Потеряла ли я в этот момент дар речи? Да не то чтобы. Скорее, в принципе забыла об умении складывать звуки в слова, а их – в предложения. Все, что удалось из себя выдавить – это сдавленный сип:

– В-верховенский?..

– Абсолютно верно. – Он откровенно наслаждался моей растерянностью. Даже тонкие усы поправил, чтобы скрыть под этим жестом довольную ухмылку. – Каюсь, грешен – решил посетить ваш спектакль, чтобы понять, будет ли с чем работать или меня ждет долгий и грустный открытый кастинг.

Теперь меня даже не по-осеннему теплое солнце не радовало. Да и вообще, хотелось одновременно спрятаться под одеяло, чтобы не продолжать этот разговор, и вместе с тем – выпытать у него все до мельчайших подробностей.

– И как?

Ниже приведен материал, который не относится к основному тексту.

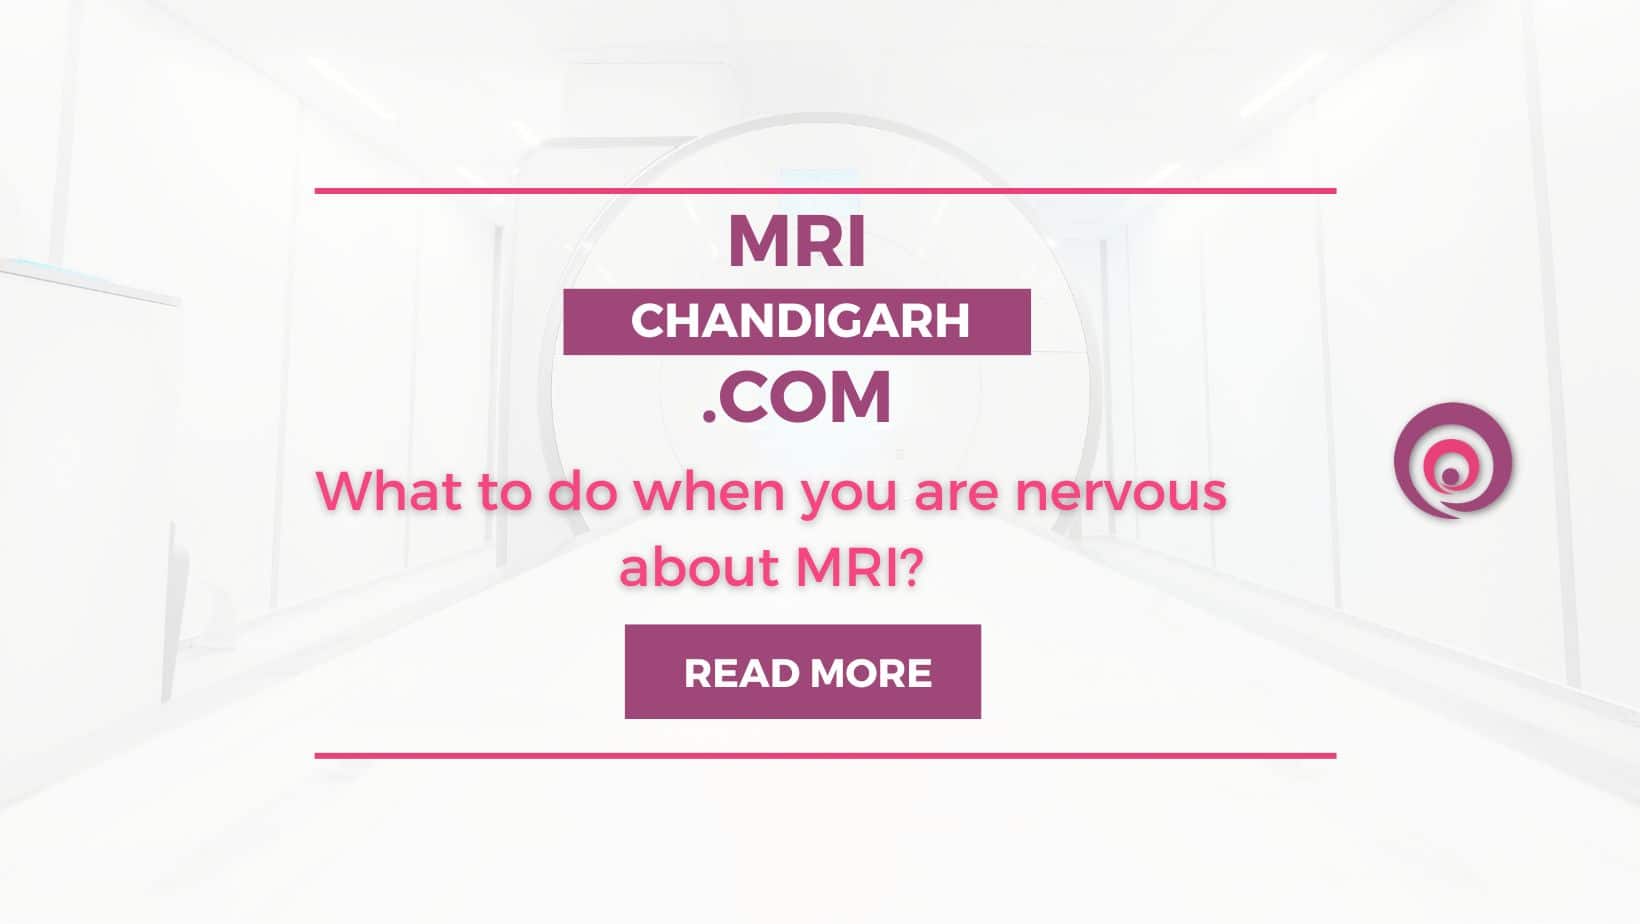 What to do when you are nervous about MRI?

Вы остались довольны?

– Нашел пару довольно изящных решений, определенно, – кивнул он. – Заодно захотелось пообщаться с вашим хореографом.

Больше всего я в это мгновение мечтала о том, чтобы спросить, к чему были цветы. Рано было, конечно, тешить себя надеждой, что я ему понравилась и он тут же признает меня лучшей Маргаритой, но так хотелось! Все-таки самоуверенность – проблема любого артиста. К счастью, он заметил, как градус любопытства на моем лице повышается с каждой секундой, и даже смог без уточнений понять, что это значит.

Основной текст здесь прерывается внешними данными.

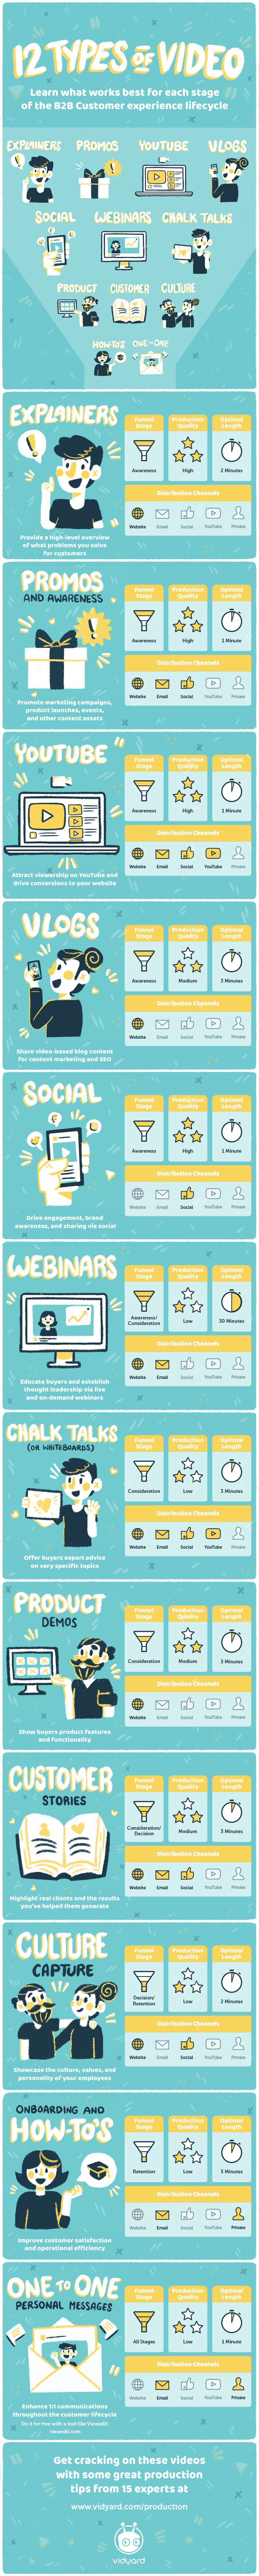 12 Perfect Video Types for the B2B Customer Lifecycle [Infographic]

– Я решил подарить цветы тому или той, кто меня рассмешит. А смотреть на ваше противостояние с этой несчастной колонной было забавно. Нет, вы, бесспорно, были очаровательны… – торопливо добавил он, заметив, похоже, как вытягивается мое лицо.

Даже в своих оправданиях он был так старомодно-прекрасен, что я просто не могла дальше расстраиваться. Так что атмосфера между нами продолжала сохраняться непринужденной тот десяток минут, после которых он распахнул передо мной дверь театра.

Глава 5

Ох уж этот синдром отличницы, требующий приходить на экзамены раньше всех! И на пробы, как выяснилось, тоже. В театре еще практически никого не было – так, Эмилия Львовна промелькнула где-то на периферии, да из репзала раздавались удары деревянным мечом. Чаще всего – по такому же мечу, но особо удачные попадания сопровождались громким «Ай!» и последующей лексикой различной степени экспрессивности.

У меня почти получилось ото всех спрятаться. Почти – потому что наши с Олегом мысли сошлись практически полностью, и мы удивительно синхронно выбрали для пряток прибежище наших костюмеров. Среди обилия платьев, фраков и прочих костюмов не то что двух людей – корову спрятать можно было. А если постараться, то и двух.

Моему появлению он, на удивление, не обрадовался. Хотя скорее просто его не заметил. Он сидел на полу, обхватив руками колени, и смотрел перед собой настолько пустым взглядом, словно его попросили в уме решить большую теорему Ферма. Нормальный человек не стал бы его беспокоить в таком состоянии. Поэтому я тут же тронула его за плечо.

Голову Олег повернул ко мне медленно и словно бы нехотя, довольно качественно пародируя лишенного заряда андроида.

– Чего надо?

– Ты удивишься, но люди обычно при встрече здороваются. Абсолютно вредная привычка, согласна.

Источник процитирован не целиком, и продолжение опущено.